- Opening Delimiter -

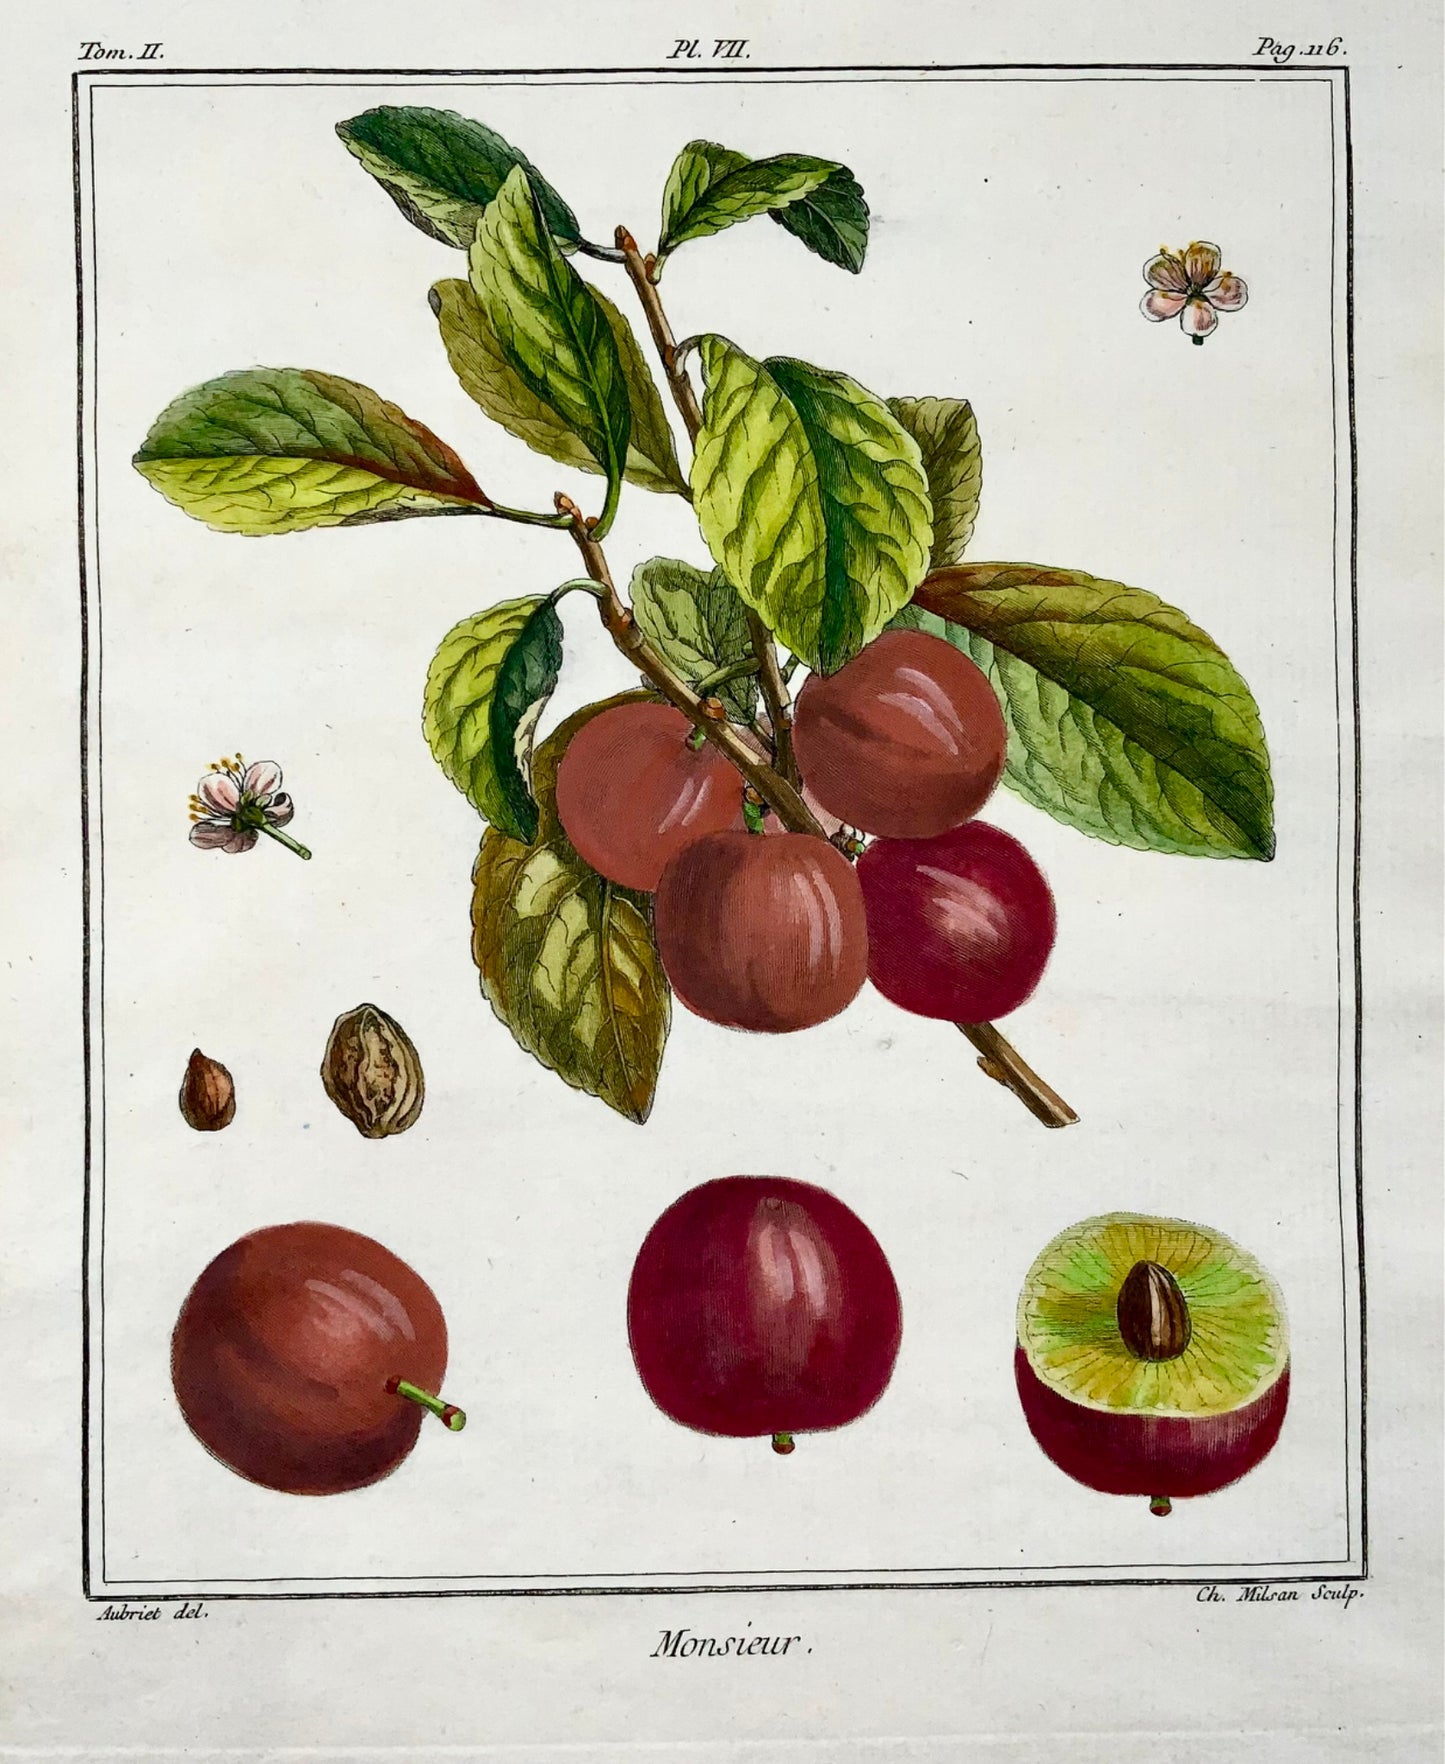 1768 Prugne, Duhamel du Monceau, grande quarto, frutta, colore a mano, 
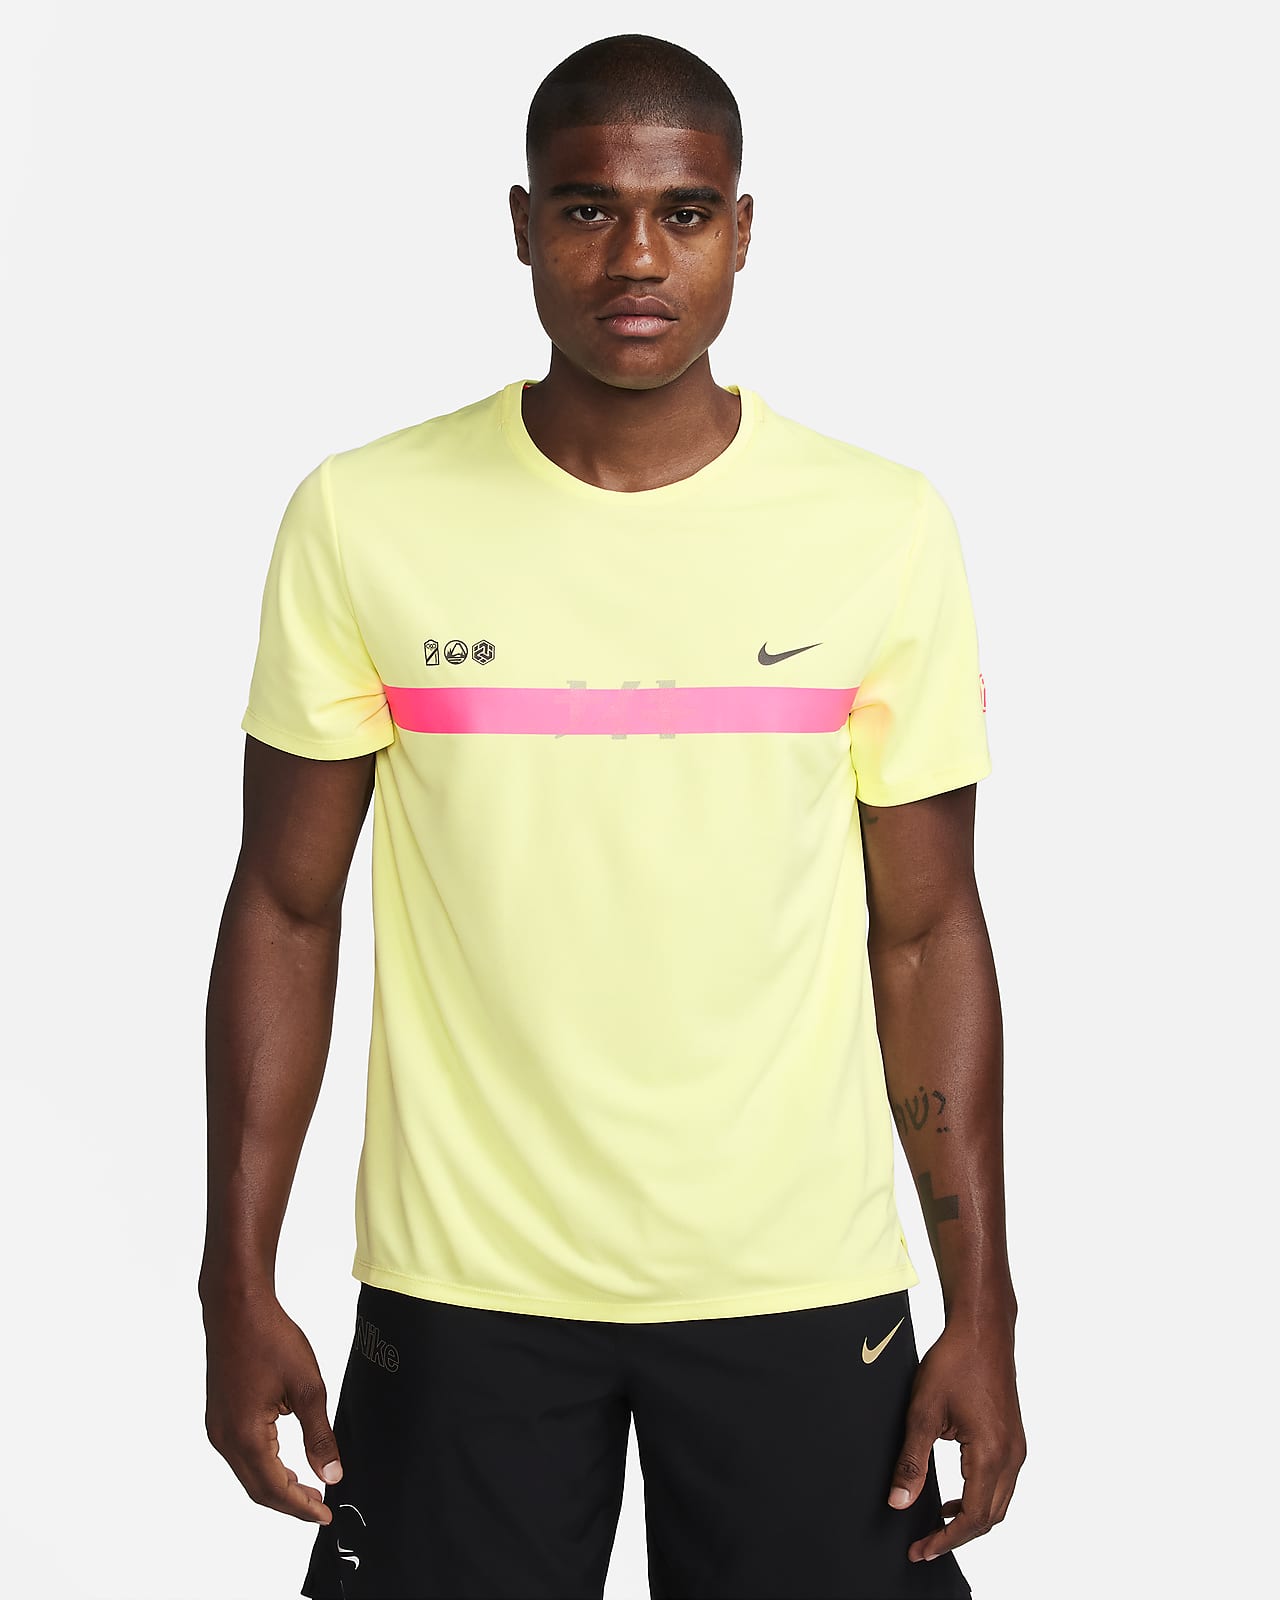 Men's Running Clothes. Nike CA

- Closing Delimiter -
- Opening Delimiter -

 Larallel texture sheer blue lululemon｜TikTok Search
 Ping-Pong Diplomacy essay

- Closing Delimiter -
- Opening Delimiter -

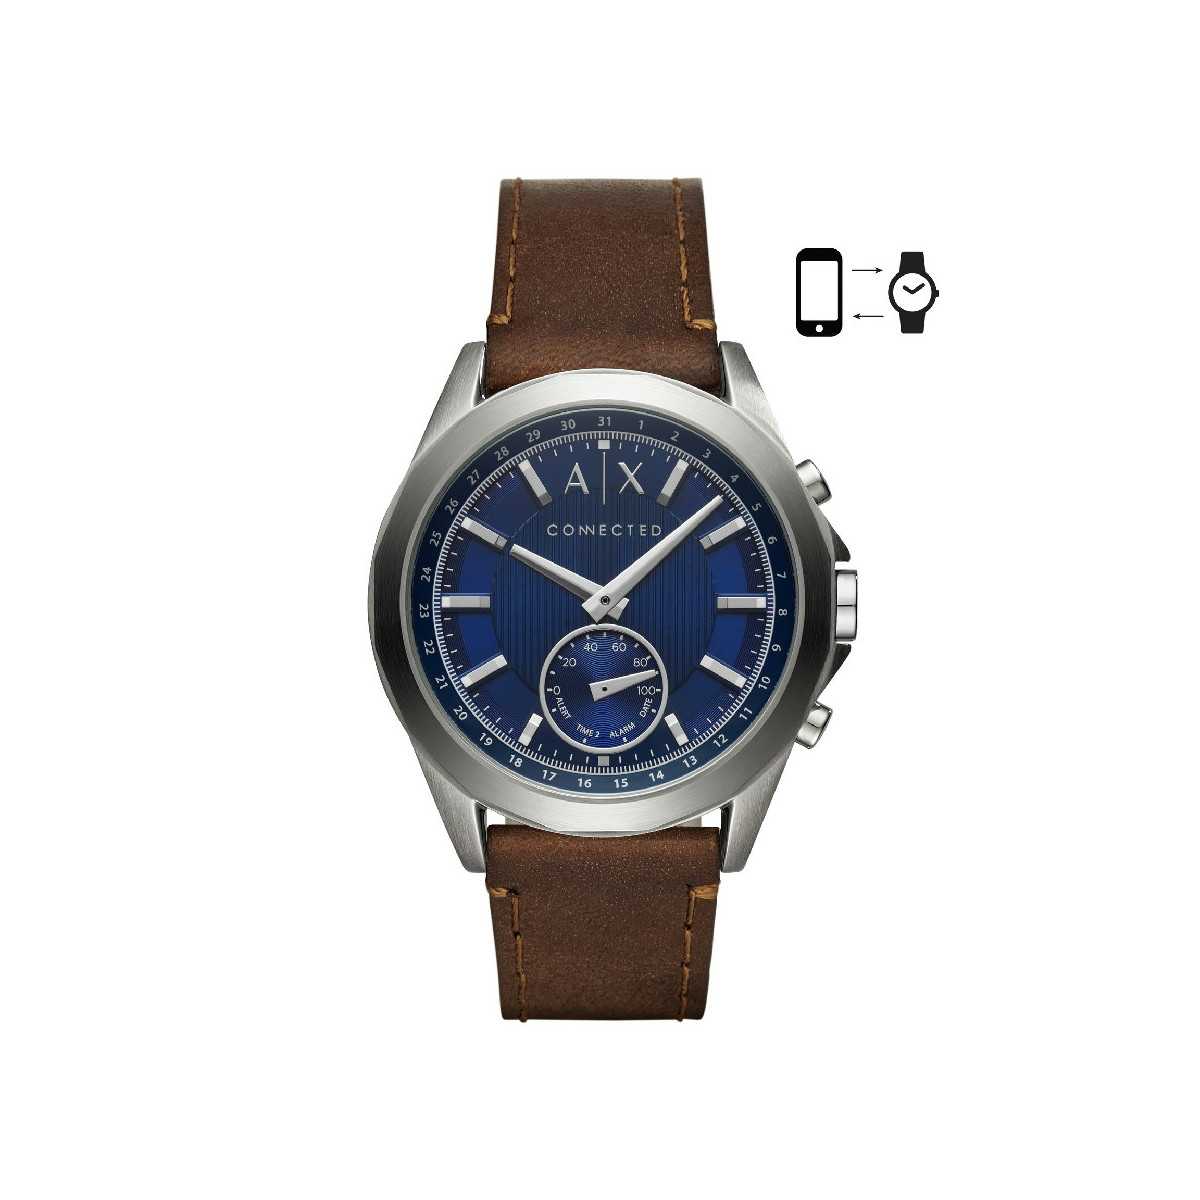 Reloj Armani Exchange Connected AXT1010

- Closing Delimiter -

Would you copy out, exactly and with no pictures, only the lines above from the one that contains "1768 Prugne, Duhamel" through the one that contains "Men's Running Clothes. Nike CA"?

== Finished task ==
 1768 Prugne, Duhamel du Monceau, grande quarto, frutta, colore a mano, 
 Men's Running Clothes. Nike CA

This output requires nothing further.